Nina Martinez of Atlanta went to Johns Hopkins University to donate a kidney to an HIV-positive stranger, saying that she "wanted to make a difference in someone else's life." And to combat the stigma that still surrounds HIV infection too often.

Many people think that "someone with HIV is supposed to look sick," said Martinez, 35, at the Associated Press before Monday's operation. "It's a powerful statement that to show someone like me a person in good health to be a living organ donor."

Hopkins, who will release the transplant on Thursday, said Martinez and the receiver of his kidney, who had chosen to remain anonymous, were recovering well.

"This is an illness that in the past was a death sentence and is now so well controlled that it offers people with this disease the opportunity to save someone who is sick." "Other," said Dr. Dorry Segev, a Hopkins surgeon who advocated for HIV policy. The law on equity, or HOPE, lifted the US ban on 25-year transplants between HIV-positive people.

The number of HIV-positive patients among the 113,000 people on the country's waiting list for an organ transplant is not counted. HIV-positive patients can receive transplants from HIV-negative donors, just like everyone else.

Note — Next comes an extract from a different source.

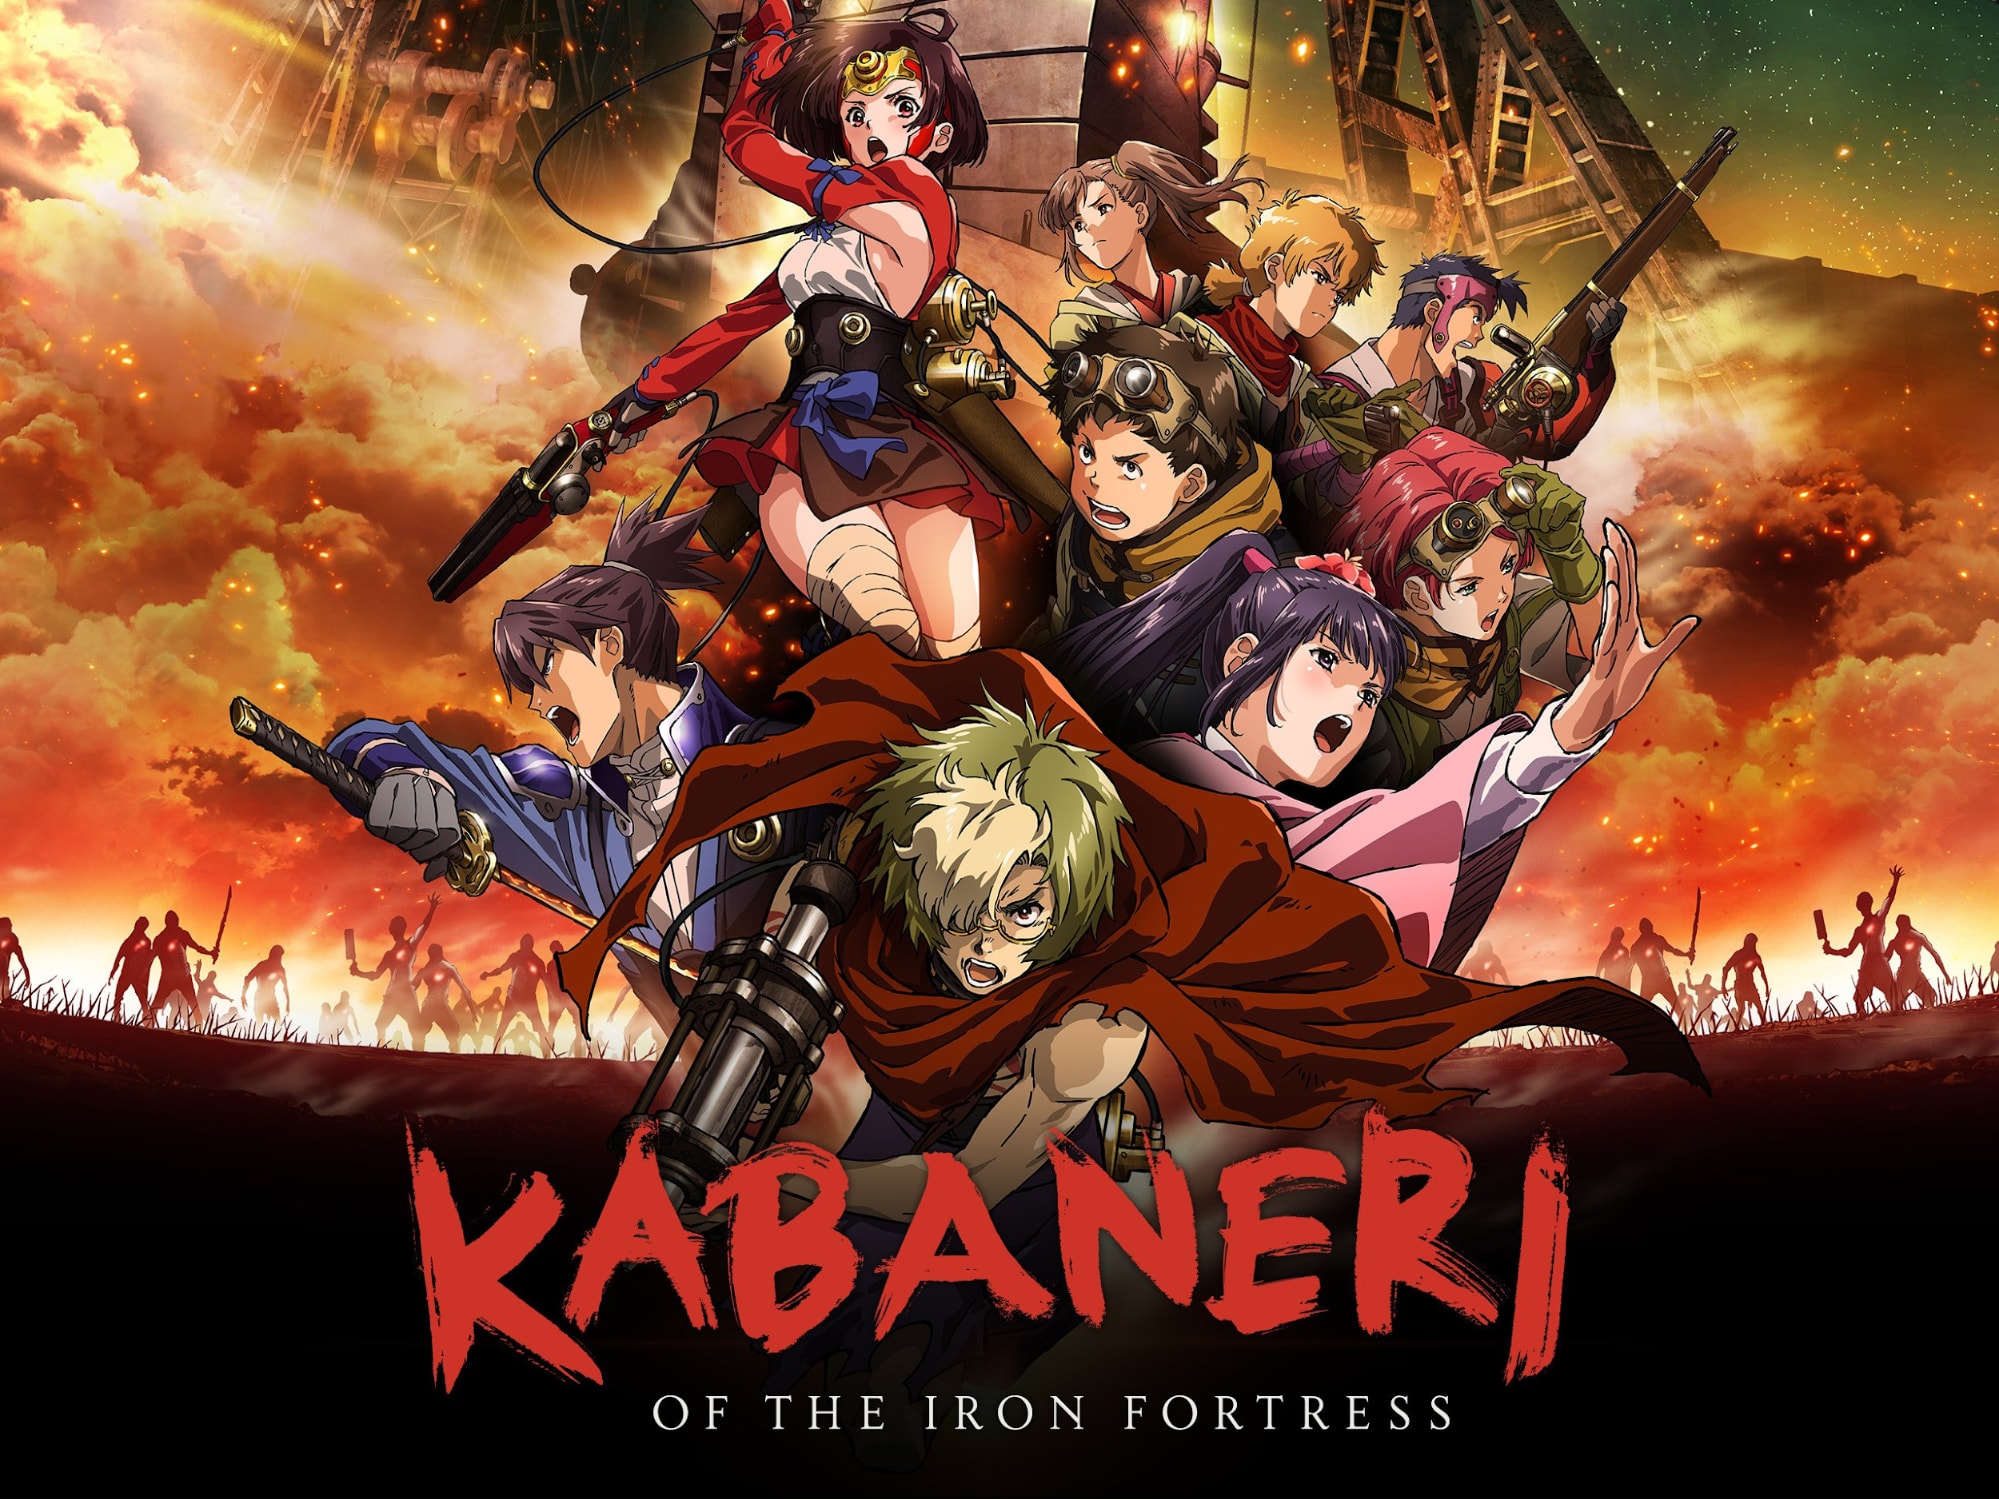 post-apocalyptic anime - Kabaneri of the Iron Fortress

It is only in recent years, encouraged by pioneering operations in South Africa, that doctors have begun to transplant organs from deceased HIV-infected donors to patients with the virus, organs that would have been thrown away.

Since 2016, 116 such kidney and liver transplants have been performed in the United States as part of a research study, according to the Unified Organ Sharing Network (UNOS), which oversees the transplant system. One of the questions is whether receiving an organ from a person living with a different strain of HIV presents risks, but up to now, there has been no problem of safety, said Dr. David Klbaden, chief medical officer of UNOS.

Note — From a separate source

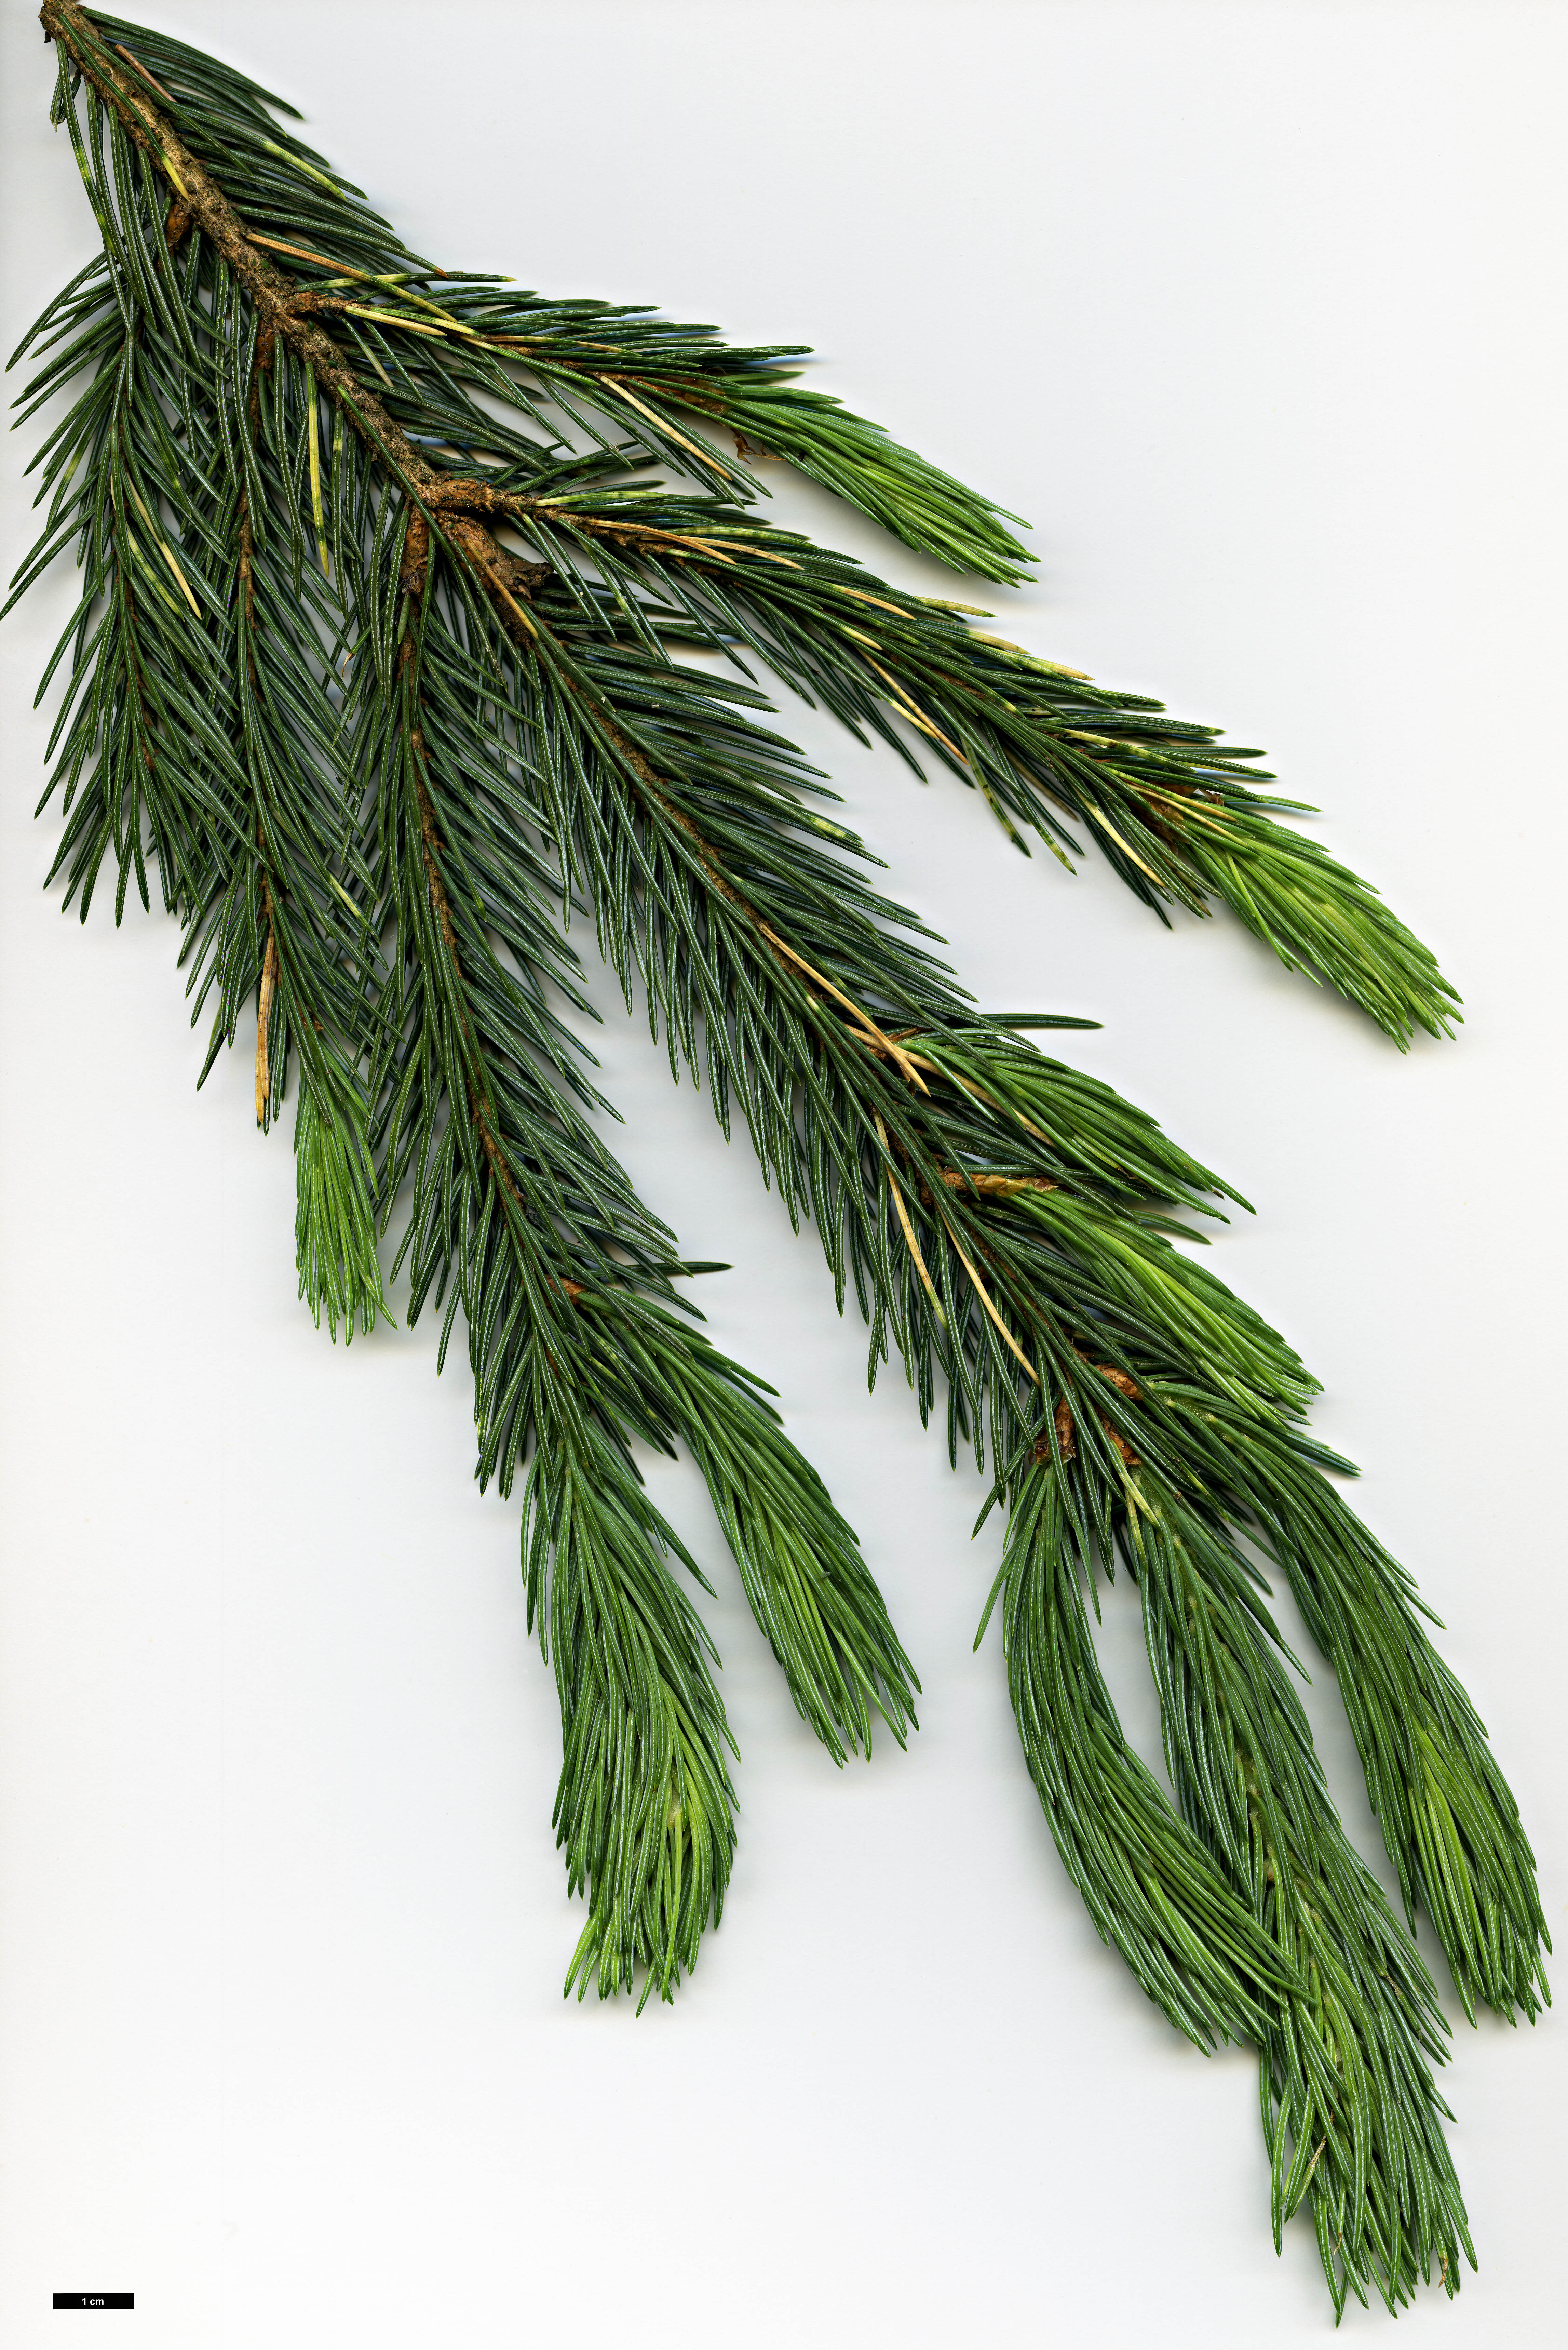 High resolution image: Family: Pinaceae - Genus: Picea - Taxon: engelmannii - SpeciesSub: subsp. mexicana

Hopkins' Segev said Monday's kidney transplant was a world first. Doctors have been reluctant to allow people who are still living with HIV to make a donation, fearing that their remaining kidney will be damaged by the virus or by older drugs used to treat it.

But new anti-HIV drugs are safer and more effective, Segev said. His team recently researched the kidney health of 40,000 HIV-positive people and concluded that people whose HIV was well controlled and did not suffer from any other harmful kidney condition like high blood pressure should face the same risks than a living donor than people who are not infected with HIV.

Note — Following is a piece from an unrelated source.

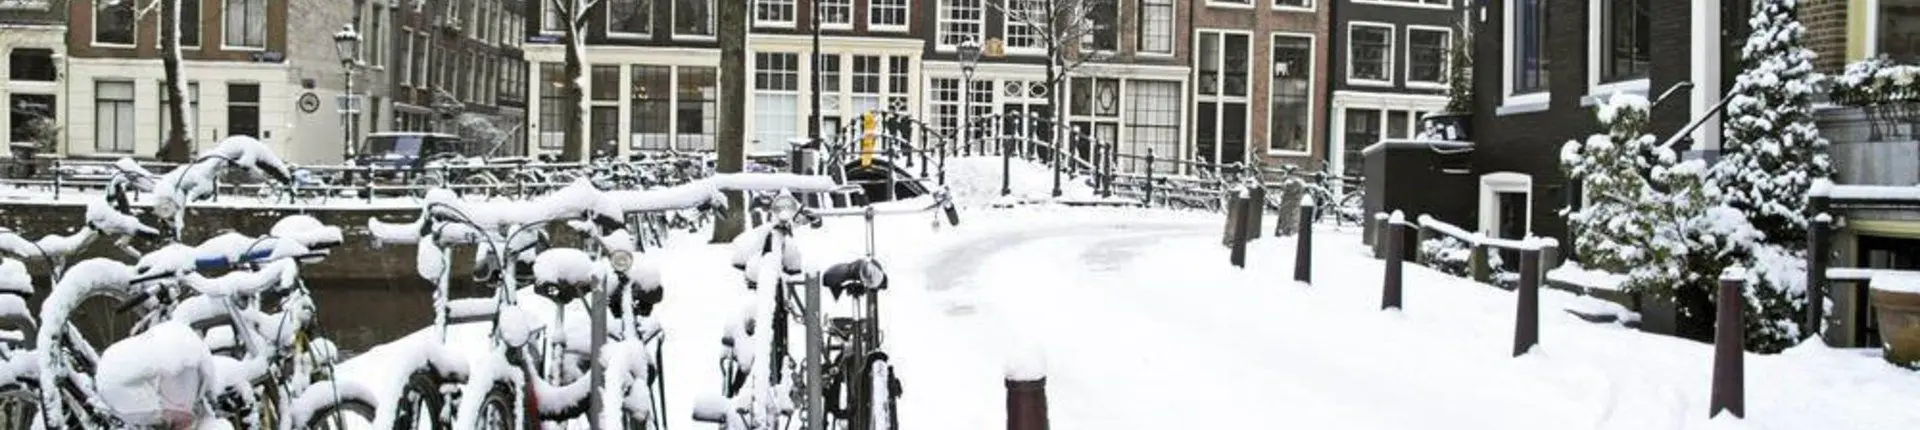 https://cdn2.enuygun.com/media/lib/1920x430/uploads/image/amsterdam-snow-24794.webp

"There are currently tens of thousands of people living with HIV who could be living donors for the kidney," said Segev, who advised other hospitals considering this approach.

As a rule, live donor kidneys last longer, added Dr. Niraj Desai, a Hopkins surgeon who looks after the recipient. And if more people living with HIV eventually donate, it will help more than HIV-positive patients who need a kidney.

"It's a lesser person waiting for a limited resource," Desai said. "It helps everyone on the list."

Martinez, a public health consultant, is interested in living donation, even before the start of HIV transplants. Then last summer, she learned that an HIV-positive friend needed a transplant and found Segev to ask if she could donate.

Her friend died before Martinez pbaded the required health tests, but she decided to honor him by donating to someone she did not know.

A runner planning to participate in the Marine Corps marathon in the fall: "I knew I was probably as healthy as someone who was not living with HIV and was badessed as a kidney donor," said Martinez. "I've never been so sure of anything."

The Associated Press Science & Science Department is supported by the Howard Hughes Medical Institute's Department of Science Education. The AP is solely responsible for all content.